** DATASET CONTENT **
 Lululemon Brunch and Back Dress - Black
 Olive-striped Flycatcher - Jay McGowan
...
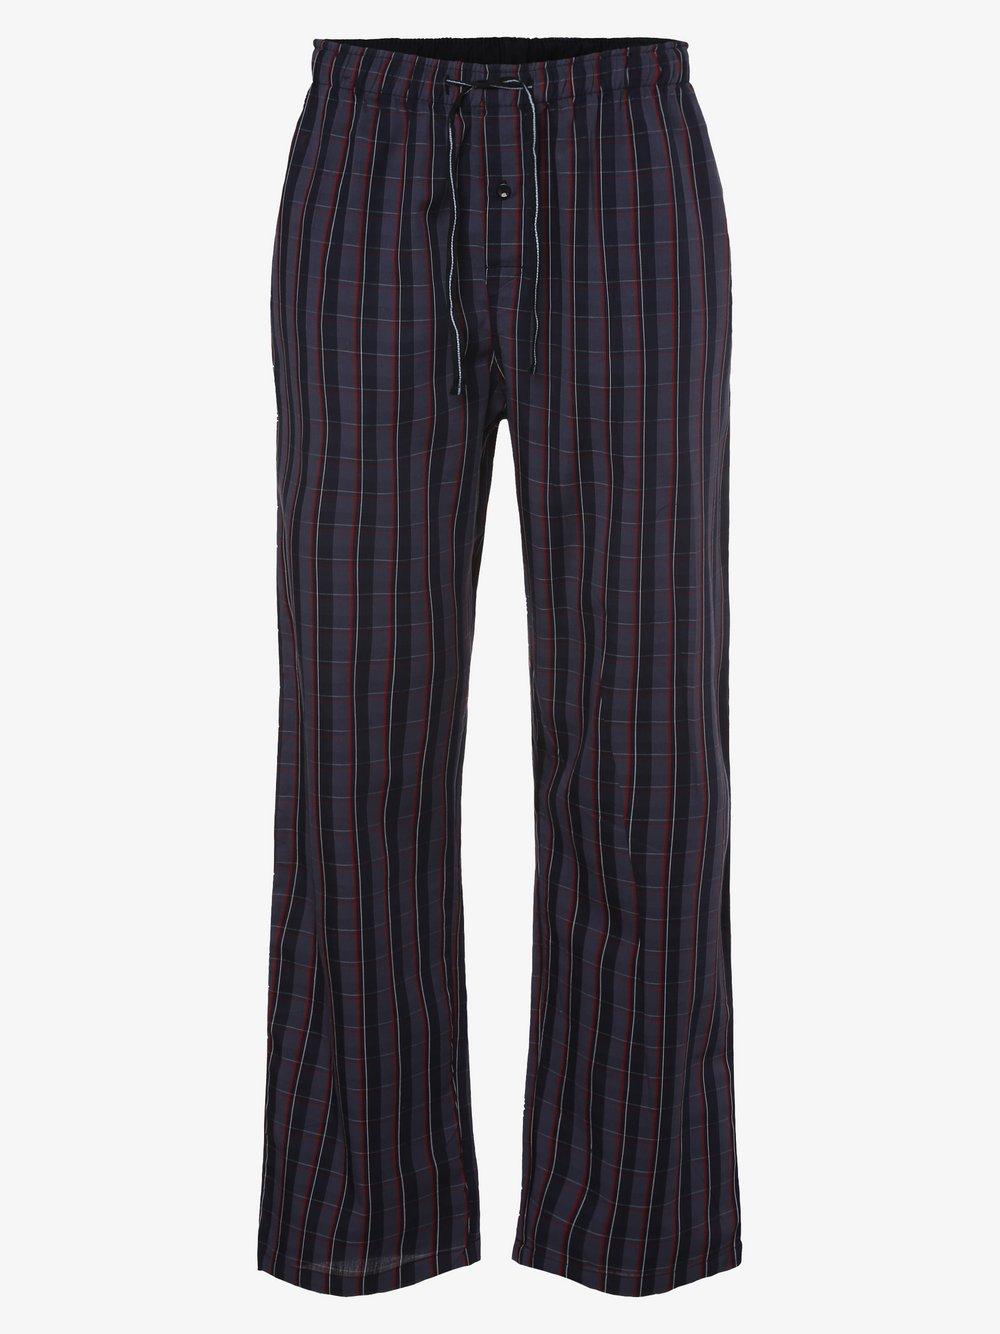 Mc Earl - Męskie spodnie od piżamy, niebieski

** REQUIREMENT **
For the material above, reproduce exactly the lines from the line with "Lululemon Brunch and Back Dress - Black" to the line with "Olive-striped Flycatcher - Jay McGowan", inclusive, and exclude all others.

** EXERCISE OUTPUT **
 Lululemon Brunch and Back Dress - Black
 Olive-striped Flycatcher - Jay McGowan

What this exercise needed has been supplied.